Rio de Janeiro lights the world’s largest floating Christmas treeDecember 3, 2018
The largest floating Christmas tree in the world once again shone in Rio de Janeiro, Brazil, accompanied by a fireworks show and in the midst of a great expectation after his absence since 2015.
The tree, a metallic structure of 70 meters high and composed of 900,000 LED bulbs, was illuminated this Saturday, December 1 on the Laguna Rodrigo de Freitas, in the south zone of the city of Rio de Janeiro.
The floating tree of Rio de Janeiro, Brazil, accompanied by a pyrotechnic show that brought together thousands of people.
The last time this show took place was in 2015, the year in which a strong wind broke it in two to a week after the inauguration and forced its height to be reduced: it went from the traditional 85 meters to just over 50.
The opening ceremony was complemented with a fireworks show that lasted seven minutes and delighted the audience.

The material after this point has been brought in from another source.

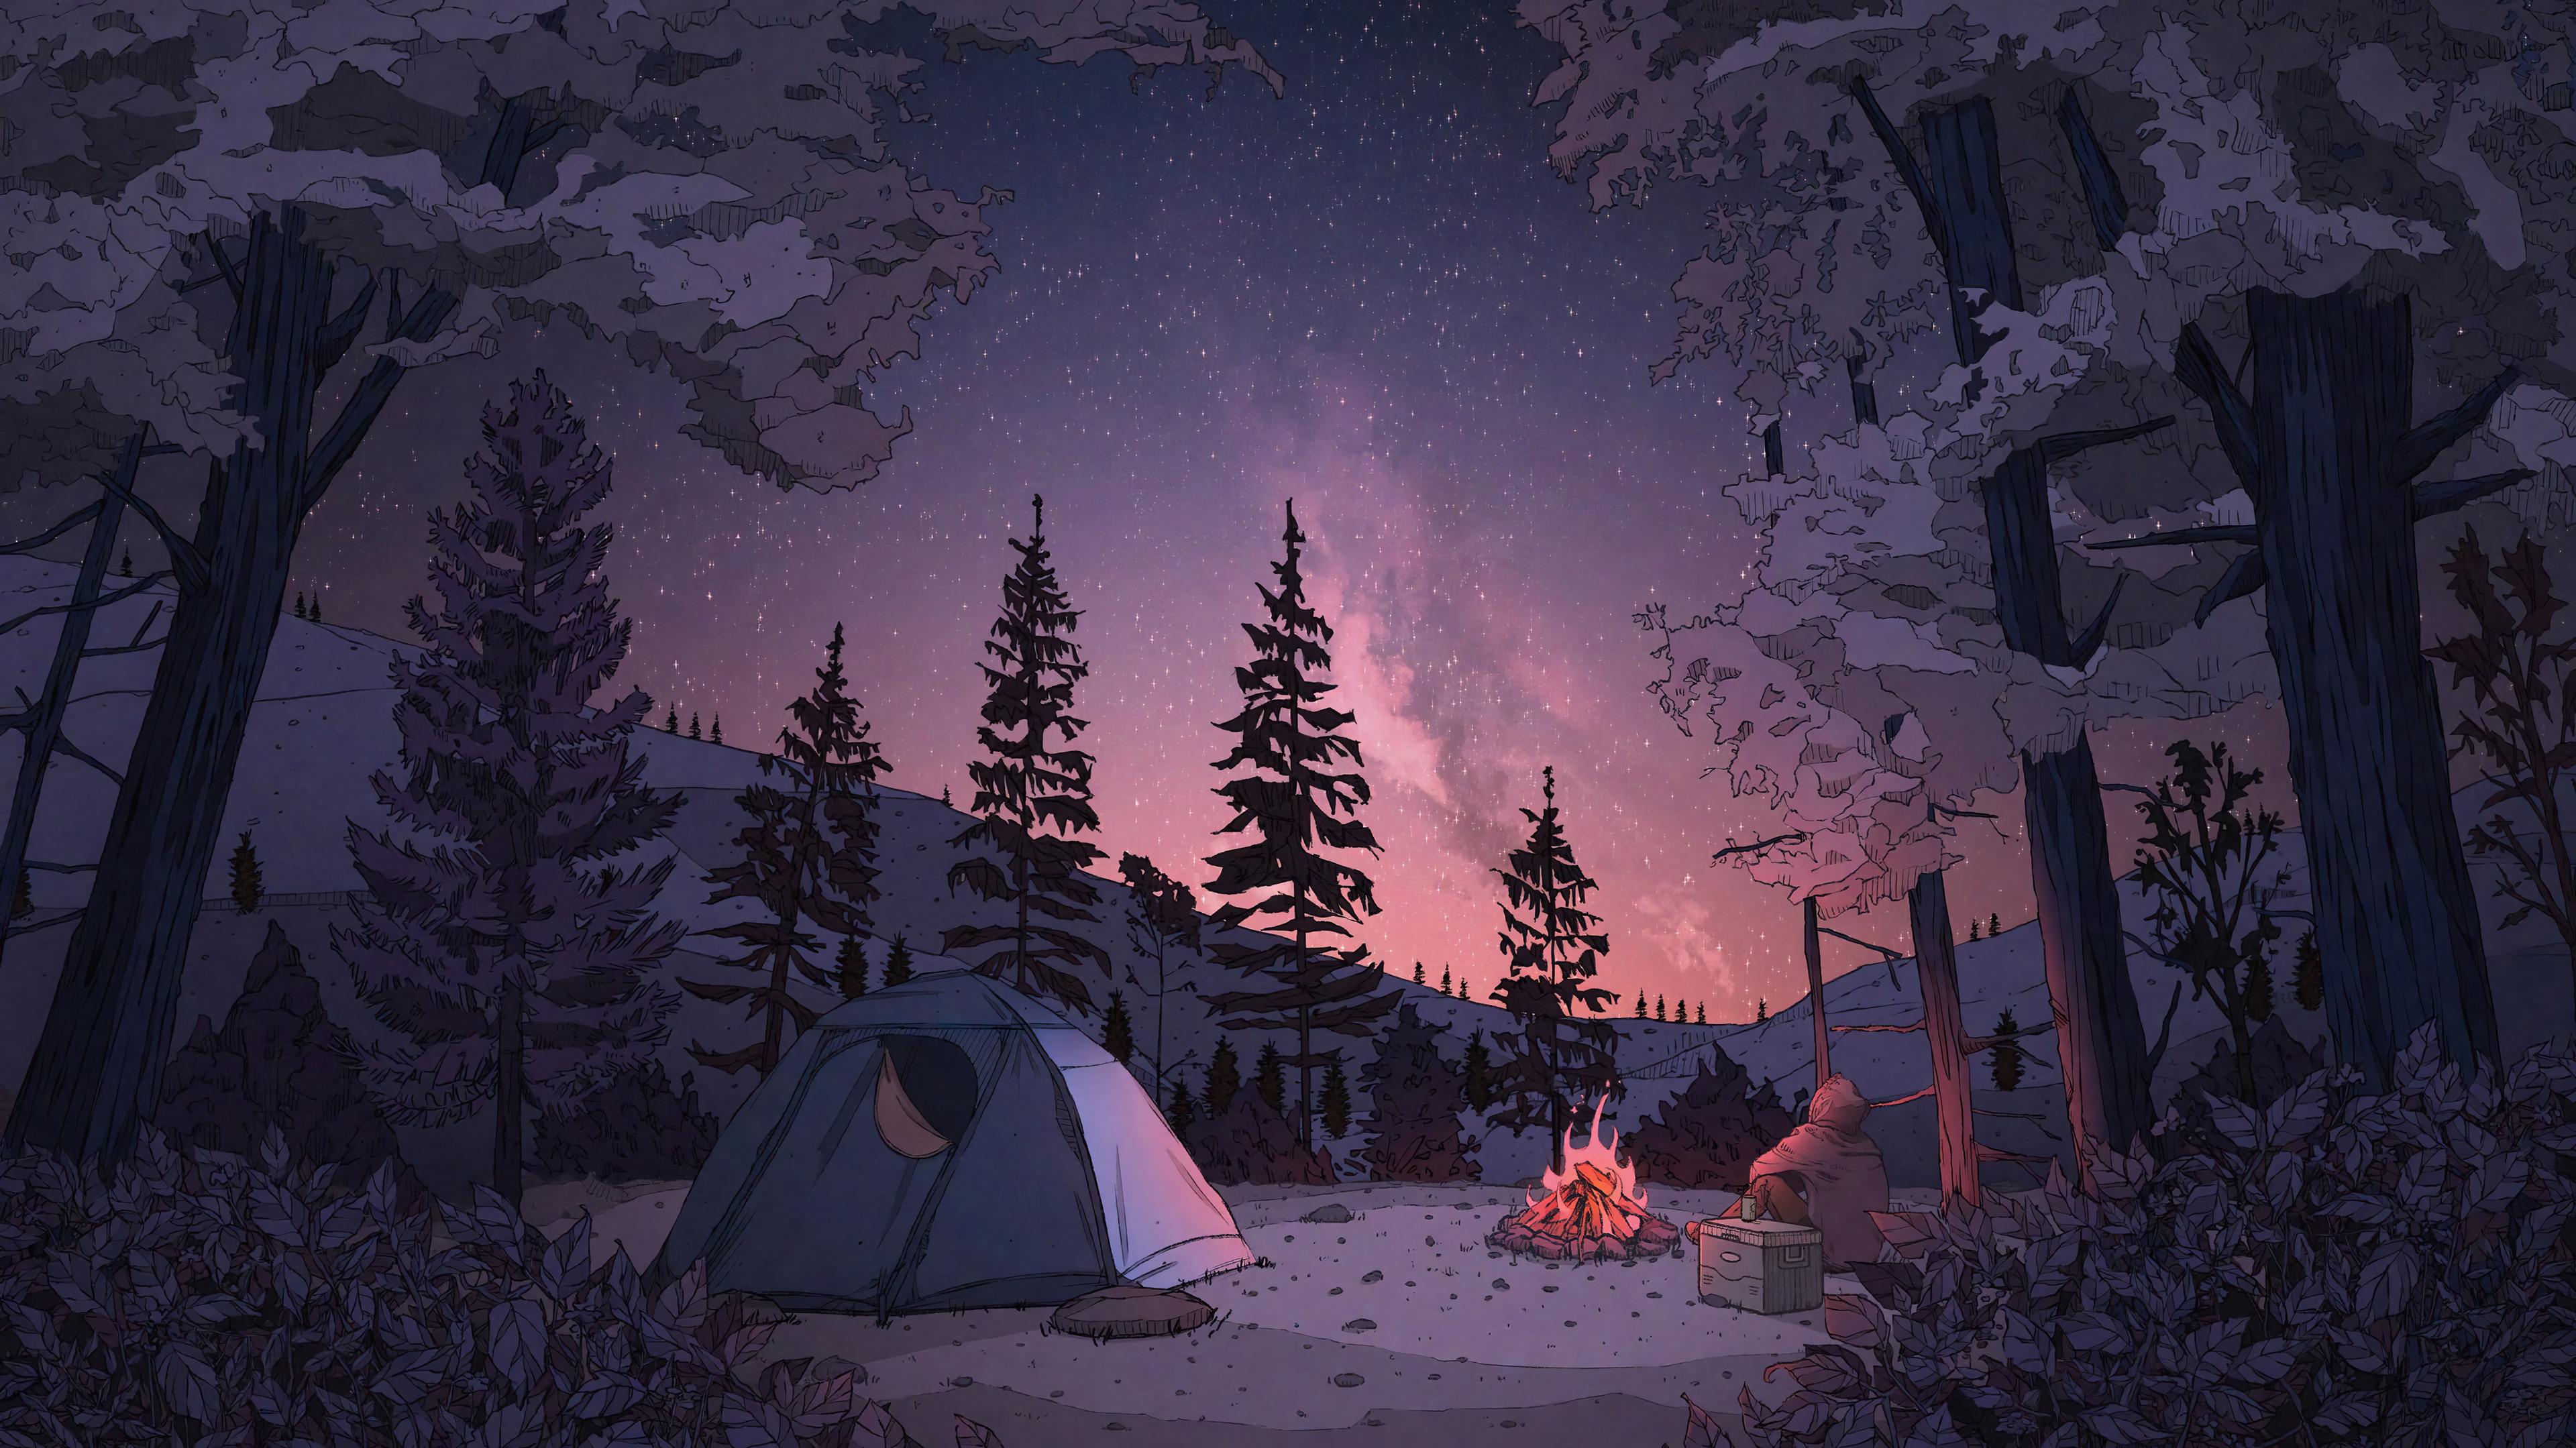 Camping Alone Bonfire Forest Tent Chillhop Lofi Scenery 4k

The tree will be lit every night until next January 6. In parallel, during this period will be developed cultural activities in the surroundings, like concerts. There will be different Christmas decorations and a nearby gazebo, ideal for taking photos. For the joy of the kids, the weekends will be present Santa Claus.
The tree, a metal structure 70 meters high and composed of 900,000 led bulbs, is located on the Rodrigo de Freitas Lagoon, in the south of Rio de Janeiro. EFE / Fernando Maia
According to the Mayor of Rio, this floating tree – the largest of its kind in the world, according to the Guinness Book of Records records – usually gathers 200,000 visitors throughout the Christmas holidays.
The last time the tree was seen was in 2015, when a strong wind broke it a few days after its inauguration. EFE / Fernando Maia
The mayor of Rio, Marcelo Crivella, said in a statement that the city “is facing challenges” and that the return of the floating tree It was possible thanks to the search for “partners in the private initiative”.
The state of Rio de Janeiro, whose greater part of its population is concentrated in the metropolitan region of its homonymous capital, crosses a serious economic crisis, aggravated by the multiple scandals of corruption, and security.
The wave of violence provoked that the president of Brazil, Michel Temer, decreed last February a federal intervention that left in the hands of the Armed Forces the control of public order.
The intervention will end on December 31 of this year and the president-elect, Jair Bolsonaro, who will assume as head of state a day later, has already announced that he will not extend said measure.